For real-life, on-the-road reviews, you have to go to the people. Minivans are, in particular, a people’s car, enlisted for tough duty in the trenches of day-to-day America. You have to build ’em tough to stand up to the rigors of the carpool and the playdate set. Carpets have to withstand ground-in Cheerios, and cupholders take on the candy-stained fingers of rough toddlers. It helps if the van can steer itself, since the driver is likely to be distracted by the antics of his multiple passengers.

My van this week is a Mazda MPV, which was given more power in the form of a 3-liter, 170-horsepower V-6 engine for 2002. I’ve always felt that the MPV had a certain elevated sensibility among the minivans, which is just as well because Mazda means "wisdom" or "wise" in the Zarathustrian religion.

Coupled with a five-speed automatic, the added power means a certain highway zip and fuel economy of 18/24. The ride and handling are also better, with improvements to the rear stabilizer, front springs and overall body stiffness. Also new is an eight-way power-driver’s seat and audio controls on the steering wheel. The latter I repeatedly fouled when making turns, subjecting me to blasting Aerosmith while trying to yell at my kids.
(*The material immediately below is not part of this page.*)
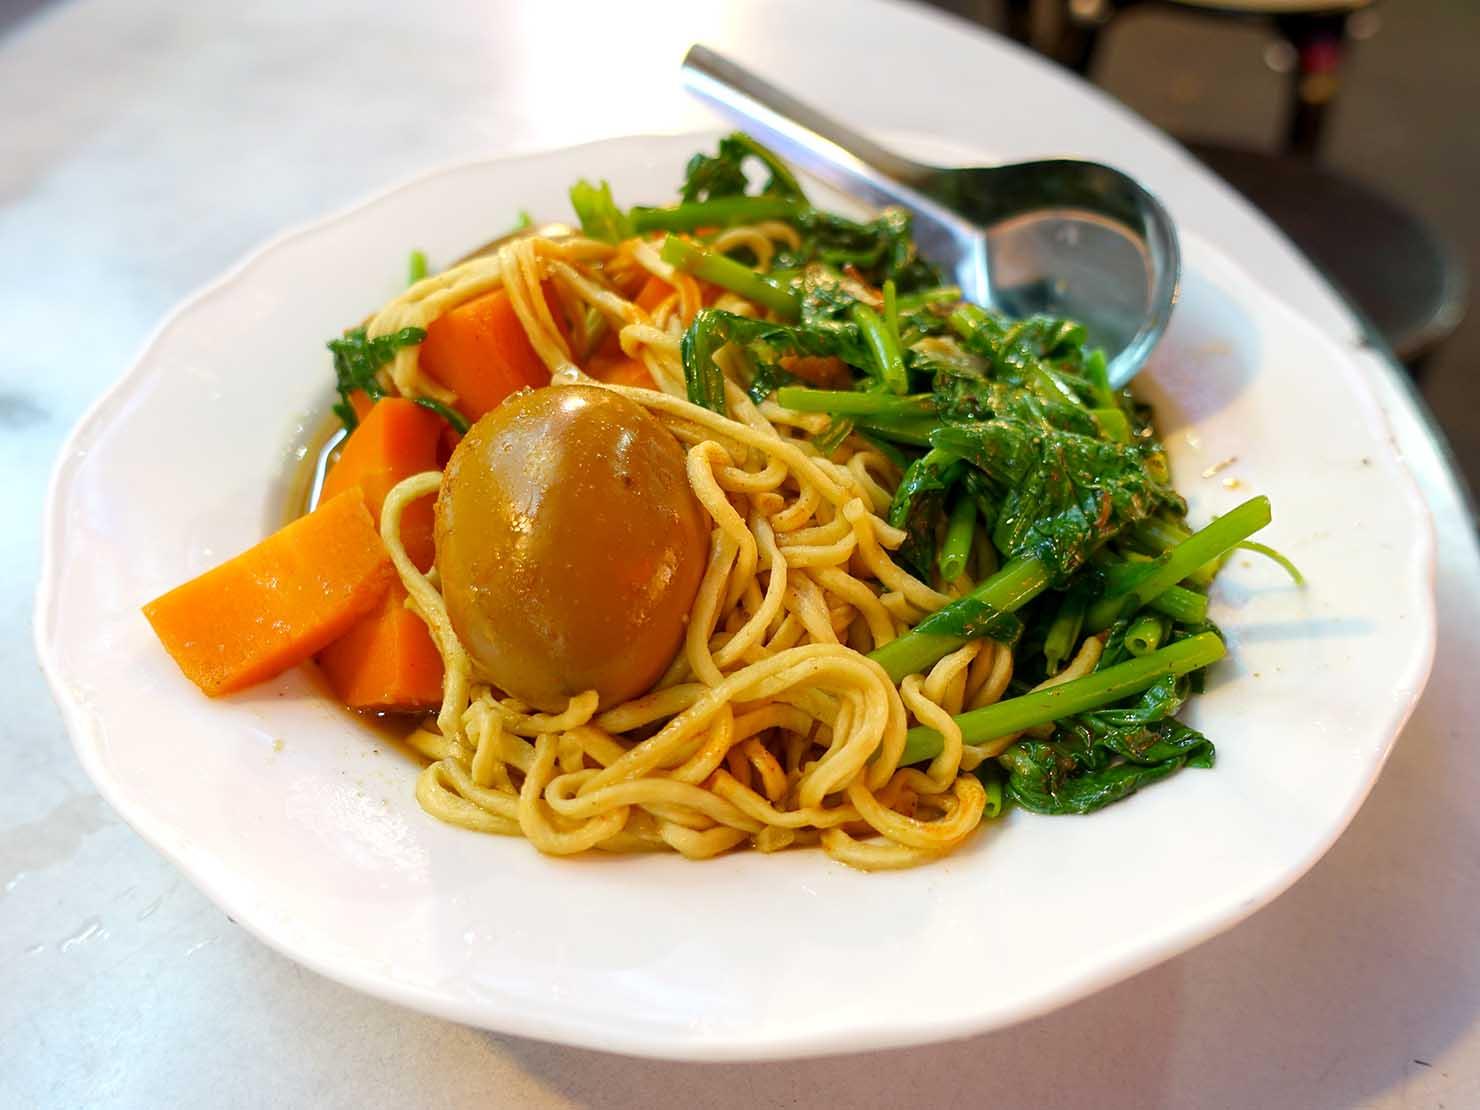 台北・遼寧街夜市のおすすめグルメ店「葉記滷味」の滷味

For what it’s worth, I liked the MPV’s automatic rear door controls, which a child could (and did) operate safely. The MPV does indeed handle reasonably well, without wallowing as many larger minivans and most SUVs do. The controls were reasonably well laid-out and there was very good storage for odds and ends, and a very handy third seat that folds flat. As tested with all the options, it came to $29,087, which seems a bit steep but within today’s minivan range.

So that’s what I think. What about the MPV’s owners? On MSN’s Carpoint reader’s service, the average overall rating was an impressive 9.6 out of 10, with styling, performance and quality all receiving high marks, and a strong vote (9.1) for the interior as well. The most dissatisfied customer was a Canadian who gave his van a 5.8, claiming the quality was poor, that a transmission control unit went bad at around 3,000 miles, and that the driver’s seat frame was not secured — a problem he said also existed on the other MPVs on the dealer’s lot. All the same, he reported an "enjoyable" driving experience. "Hopefully, there will be no more problems from now on," he said.

But MG from Boise, Idaho, loves the handling and acceleration, complaining only about the lack of sound insulation (something I also noticed; the wind noise is particularly bad with the windows even part-way down). "The best bang for the buck," says MG.

At Epinions.com, BrainCam praised the fact that the rear side windows go down (agreed) and the smaller size compared to other minivans. Mkaresh, who’s expecting child number three, is just thinking about buying an MPV. In her current car, it’s getting awfully "tight" in that back seat, what with a toddler seat, a booster seat and now an infant seat, all in one row. But she wants to know, "Can a minivan have ‘zoom zoom?’"

And then there’s 2buzy, who loves her MPV, giving it five stars and praising its changeable rows of seats and, again, the lowering rear windows. She thinks the gas mileage should be better, however.

So the people speak. And I mostly agree with them, too. Minivans work for families. Despite the "soccer mom" image, they offer form, function and more room than station wagons or SUVs.